The first time I heard about Wikipedia, I got really excited; I characterized it as a “world mind”.

I saw it as a place to share knowledge that anyone (with an online connection)could contribute to and/or benefit from. I confess I was initially impatient with, and disparaging of, those who told students not to use it. As the conversation about Wikipedia developed, I moved into the “use it to start researching, but don’t cite it” for my students, and “It’s an amazing source; check it out” for my friends and acquaintances.

I stumbled across Jon Udell’s screencast which gave me an understanding of how Wikipedia works; I highly recommend you take the 9 minutes to view it

After watching Udell’s screencast, (or instead of, or before) read danah boyd‘s short take on the importance of Wikipedia –
I find myself in close agreement with her.

Wikipedia brings me great joy. I see it as a fantastic example of how knowledge can be distributed outside of elite institutions. I have watched stubs of articles turn into rich homes for information about all sorts of subjects.

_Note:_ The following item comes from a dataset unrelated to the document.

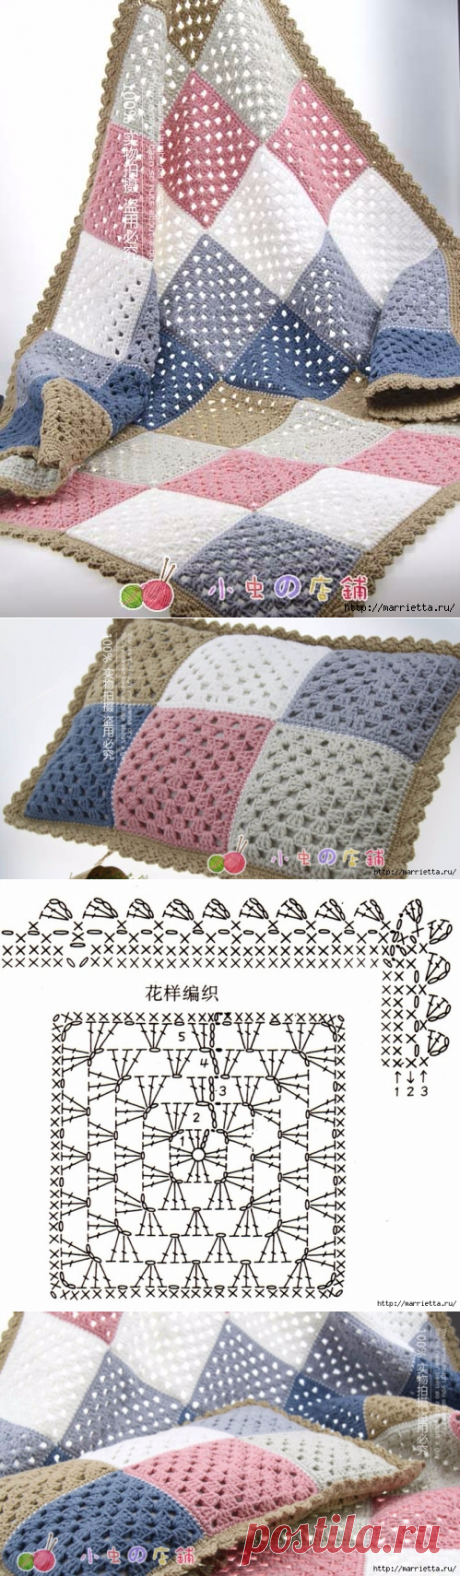 Детский плед и подушка крючком бабушкиными квадратами
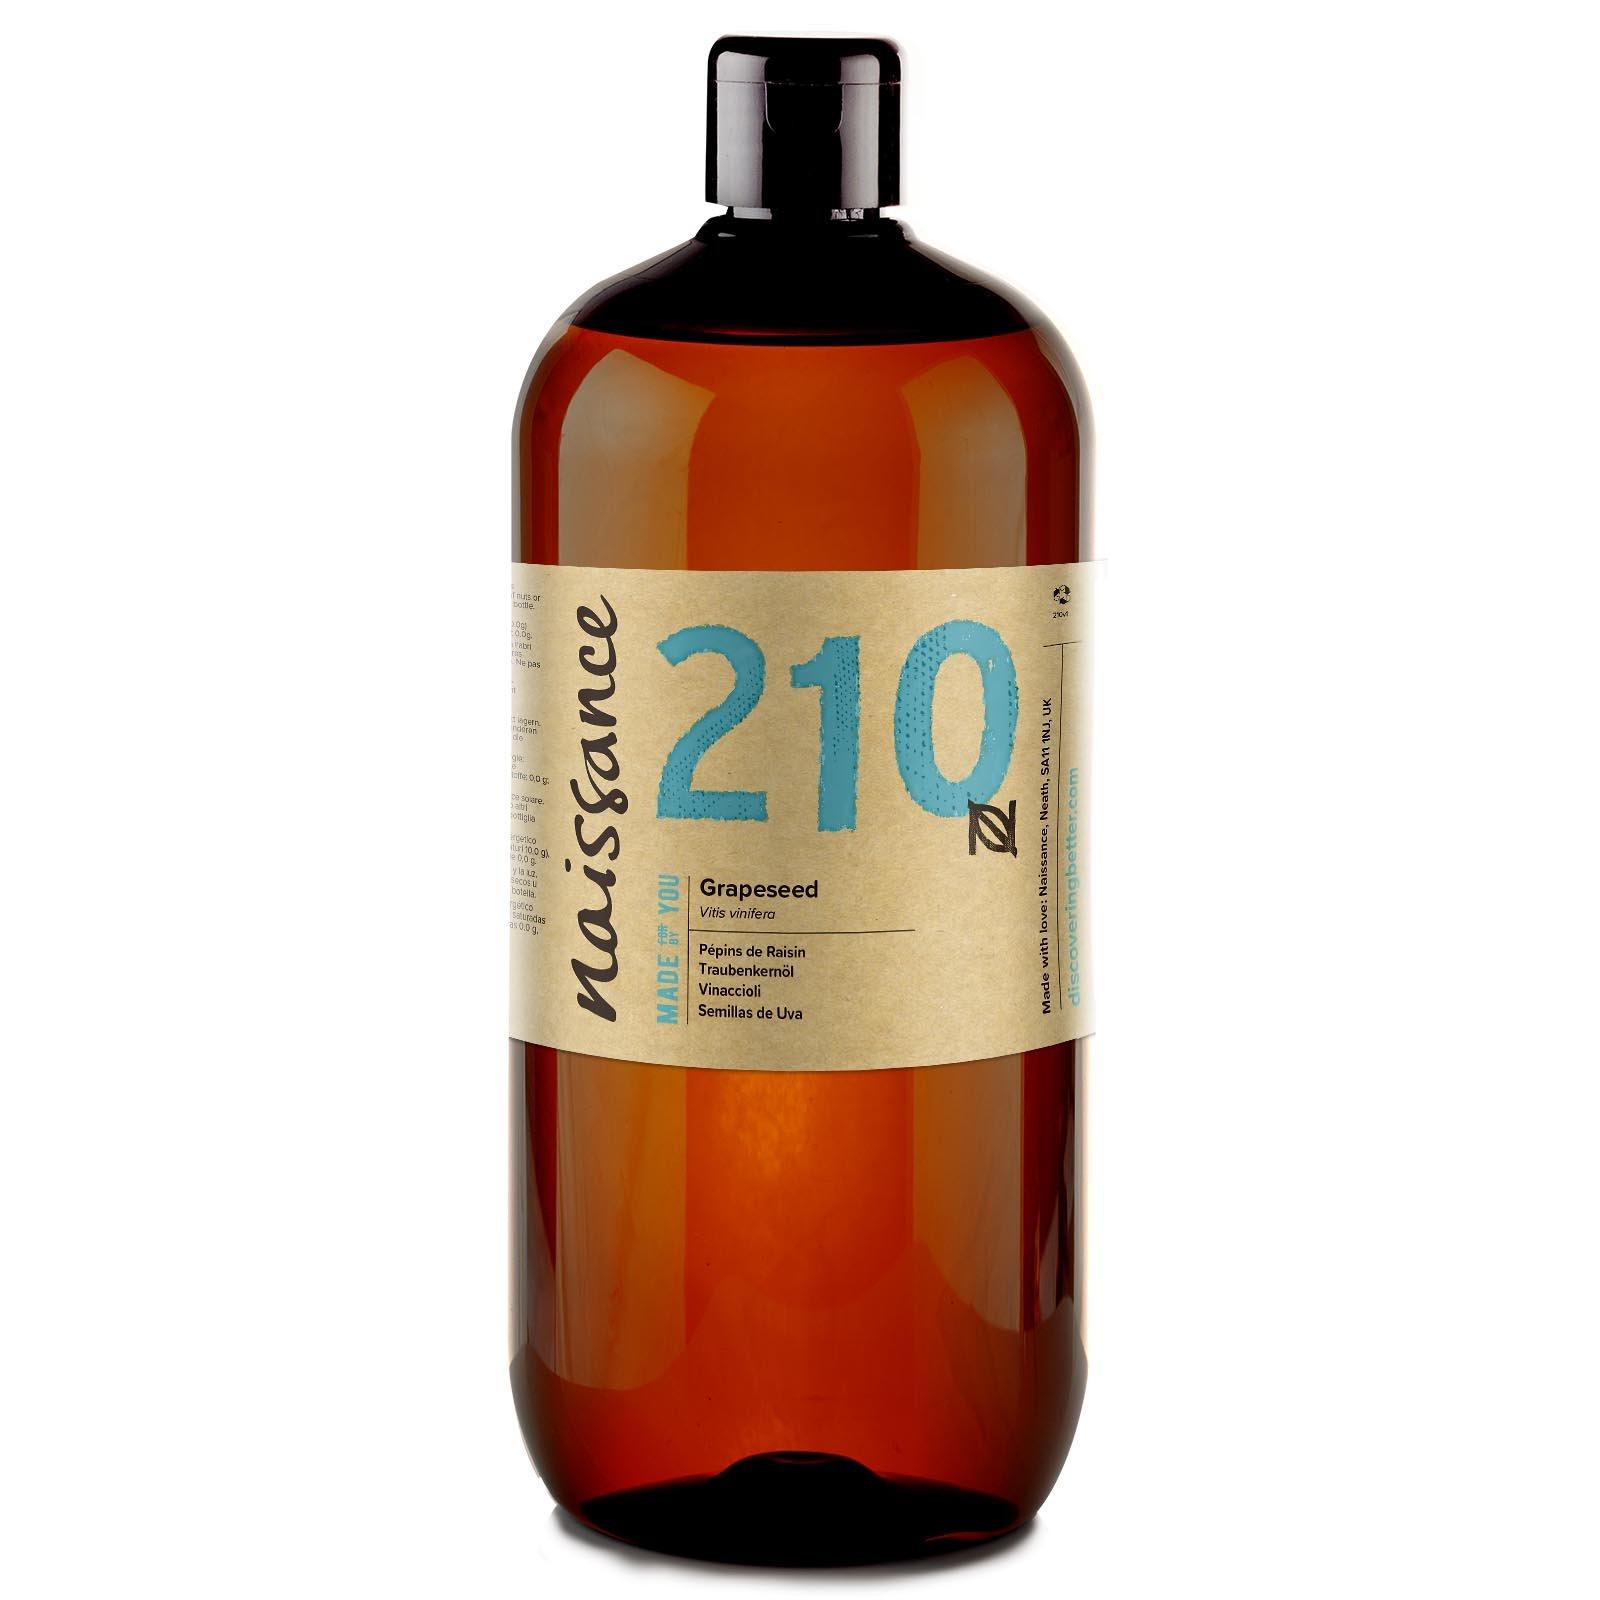 Naissance Aceite Vegetal de Semillas de Uva n. º 210 – 1 Litro - Puro

What I like most about Wikipedia is the self-recognition that it is always a work-in- progress. The encyclopedia that I had as a kid was a hand-me-down; it stated that one day we would go to the moon. Today, curious poor youth have access to information in an unprecedented way. It may not be perfect, but it is far better than a privilege-only model of access.

4 Comments leave one →
  1. Elizabeth Clark permalink
    July 4, 2007 1:42 pm

    As you realized, Wikipedia simply isn’t accurate and credible enough to be used as a cited source for academic writing. Fortunately, some more authoritative alternatives are being developed: Scholarpedia (, Citizendium ( and Digital Universe (

  2. Shifting Semiosis permalink
    July 5, 2007 11:40 am

    Thanks for suggesting alternatives, however I don’t see Wikipedia as not accurate or credible enough to be cited in academic writing. Often it has the most current and accurate information, though it can be simply the place to start researching. I advise students not to cite Wikipedia unless they are sure that their professors aren’t prejudiced against it for practical reasons – to protect them.

  3. Gloria Hildebrandt permalink
    July 5, 2007 2:58 pm

    Joan, I’m glad you found danah boyd’s defence of Wikipedia to be interesting. I thought you would. I am interested in her point that Wikipedia is a more democratic — I think she wrote it was not a privilege-only — reference. She has an interesting perspective.

  4. Shifting Semiosis permalink
    July 5, 2007 4:15 pm

    Gloria, I find danah boyd’s perspective and her research very interesting.